In a conversation via Zoom, she describes how the women in her childhood helped lay the foundation for her unflinching authenticity and her pursuit of projects that leave underrepresented audiences feeling truly seen.

Ariana DeBose
Ariana DeBose

DEADLINE: Looking back on your Oscar speech, how do you feel now?

ARIANA DEBOSE: That moment was really wild. I think I just remember, OK mom. Mom. If I can just hug my mother, everything will be OK. And then I got up there and looked out and realized people were standing and I was just like, “Oh God, please sit down.” And then I realized there was a thing counting me down and I’m like, “But I haven’t said anything I want to say, so get it out.”

I think it might have been one of the most validating experiences of my career, potentially my life thus far, because I was given the opportunity to say what I wanted to say. I was there to represent our film, which I’m incredibly proud of, but I was also representing myself. And it was a culmination of a very long journey. Nobody influenced me. I got to say what was in my heart. And that’s not how it happens for everybody, so I was really grateful for that.

I have seen how young people have reacted to it. It’s not just young people, but I do get a lot of attention from young folks right about now.

DEADLINE: In what way?

DEBOSE: I was headed to an appointment somewhere in London because I’m still trying to figure out what neighborhood I’m in at any given moment. I was walking around. I had a bag of chips because I was hungry, and I was stuffing my face. And these two beautiful, beautiful Black humans were on a bike ride. I hear, “Oh my God. Is that Ariana DeBose?” And I was like, “Am I going to stop? I’m going to stop.” And I turned around and they had stopped and were staring. And the guy’s like, “It is. It is her. You’re mad inspiring, man. Thank you so much.” And the lovely young woman that was with him said, “You’re so lovely. Thank you for everything you’ve done.” And I was just like, what world is this? I’m not in my hometown. I’m in another country. I had sunglasses on. I was eating chips. But that was really cool.

DEADLINE: How is the Kraven the Hunter shoot going?

DEBOSE: It’s cool. It’s going well. I mean, for as much as I believe I’m allowed to say about it, I think it’s going swimmingly.

DEADLINE: It’s exciting that Marvel seems to be really pushing for change.

DEBOSE: Yeah. I’m proud of them. I think all of these franchise pieces, it’s all about your growth. And it’s exciting to be a part of something that feels like it’s taking a step in a different direction.

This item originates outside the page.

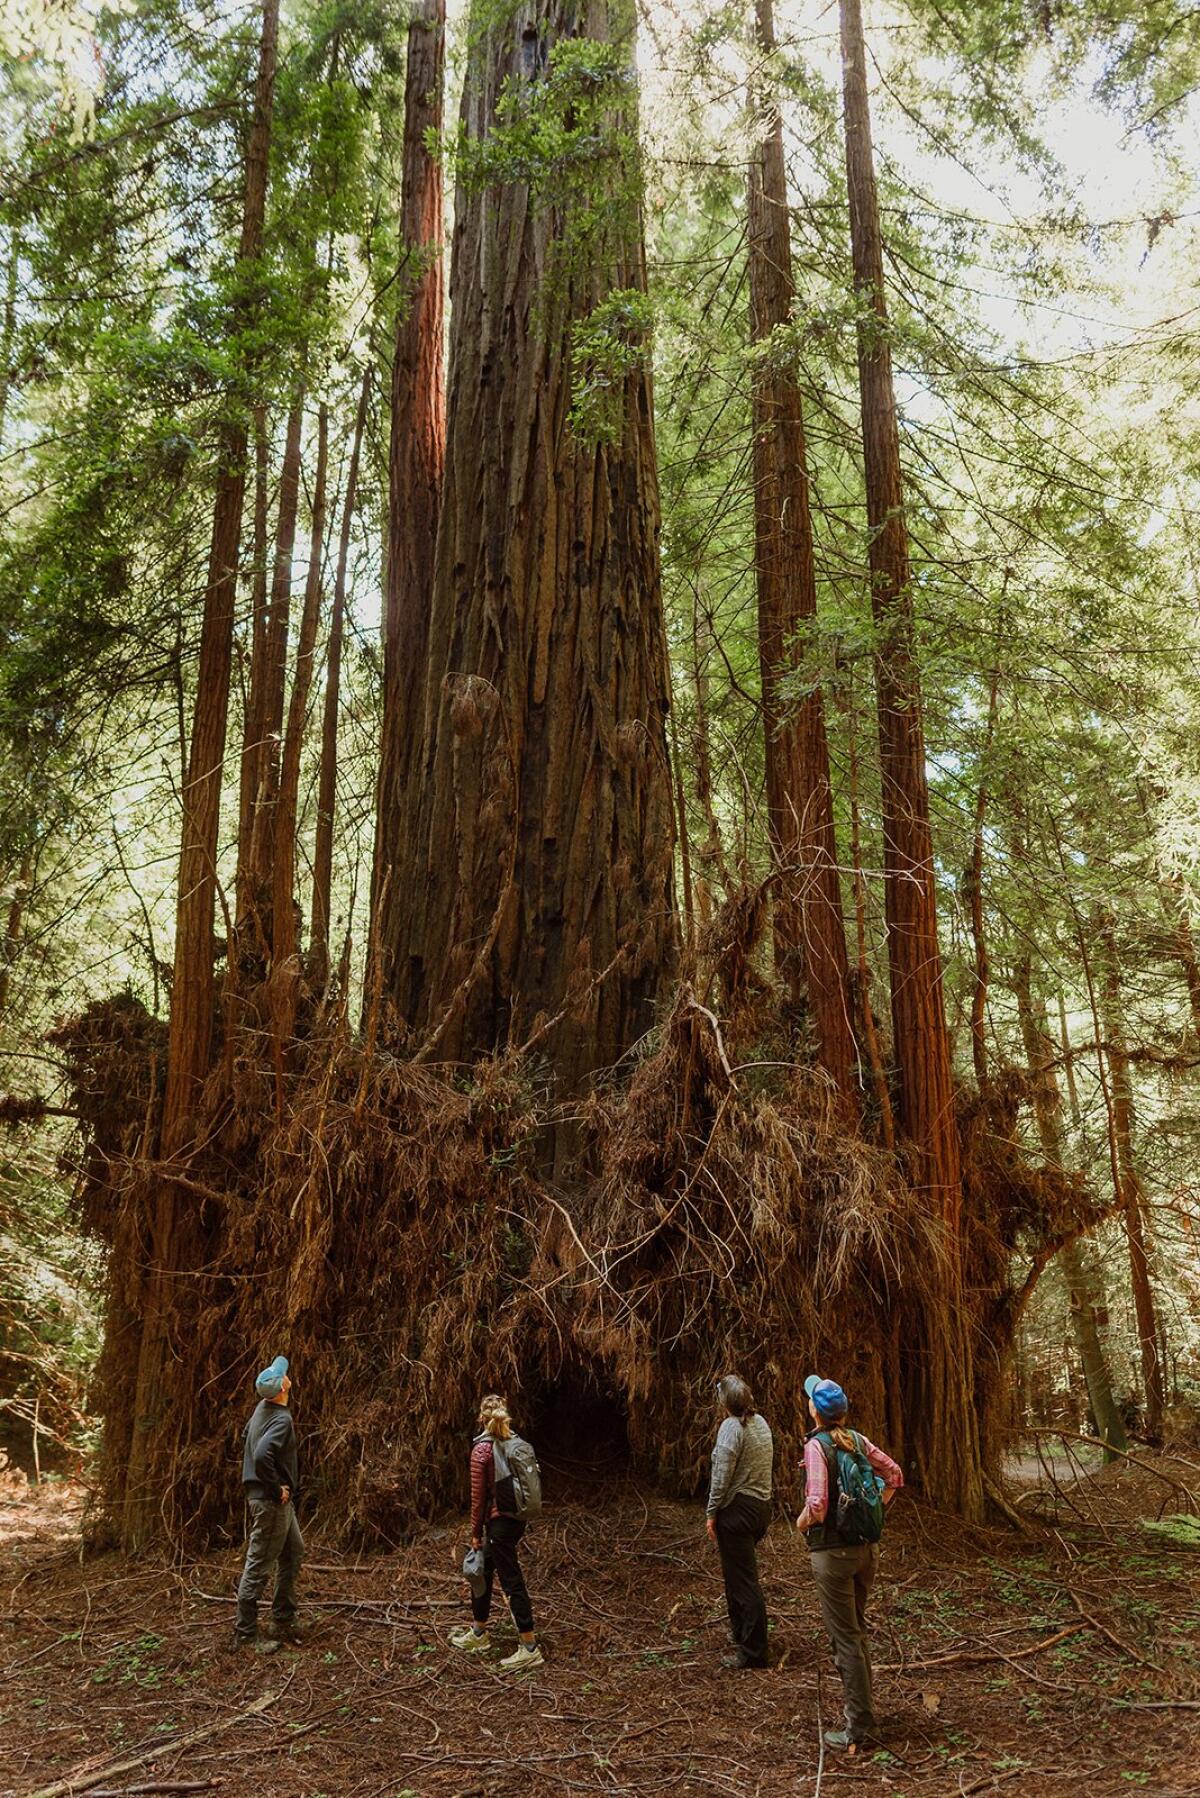 Four people look up at a giant tree.

I feel like they’re just allowing this to live in whatever world it needs to live in, which is kind of cool. I don’t like work experiences, period, where I feel like I’m asked to fit a box, because my job is to discover the box and to define the box. That’s my job, in my opinion. I mean, it is 2022.

With Steven Spielberg and Rita Moreno at the Oscars. - Credit: Elizabeth Goodenough/Everett Collection
With Steven Spielberg and Rita Moreno at the Oscars. - Credit: Elizabeth Goodenough/Everett Collection

Elizabeth Goodenough/Everett Collection

DEADLINE: And you have Two and Onlycoming up. Is it accurate to say it’s a kind of My Best Friend’s Wedding with a bisexual Latinx point of view?

DEBOSE: That’s kind of what it is, but I like to leave room for things to grow. My Best Friend’s Wedding, that was one of my favorite films growing up. There are a lot of people who say it doesn’t hold up well, but there is something about it that I find so intriguing. It’s that age-old question: she’s running, he’s running after her, you’re running after him, who’s running after you? Nobody.

I really loved Jen’s script because we don’t see stories that are authentically from a bisexual perspective every day. So, I thought it was a really fun opportunity to explore that, and, as an executive producer, to make sure that you’re bringing an accurate voice to the film so that it speaks to more people and have a little fun while doing it.

DEADLINE: At what point did you get involved?

DEBOSE: They came to me. And in fact, it was the first time that ever really happened in my career. And I thought, What? Somebody wrote something with me in mind? Oh my God. It was just a logical, collaborative relationship that formed, and one I’m really excited about. I love [producers Randall Einhorn and Jeremy Stern’s] Sad Unicorn, and all the gang over there. I’m grateful that Sony’s Screen Gems said, “We like the concept.”

The cool thing about this is that, not for nothing, the conversations around this piece were going on before I won an Oscar. That’s what I find so heartening, and I felt this way about Schmigadoon! too, because I shot West Side Story before I shot Schmigadoon! and it’s like West Side Story has given me all this opportunity, but Schmigadoon! came out before it, The Prom came out before it, and I’m laying seeds with Two and Only. I was laying them before anything happened with this award season. So, it’s nice to always have work that you’re constantly working on, regardless of what happens with the special accolades, but to feel like people were taking me seriously before, and now they’re really listening. That’s a very cool moment to sit in.

DEADLINE: You spent 10 years on Broadway, it’s not like you just suddenly appeared, but in the last three years you’ve become a household name in a new way. How does it feel?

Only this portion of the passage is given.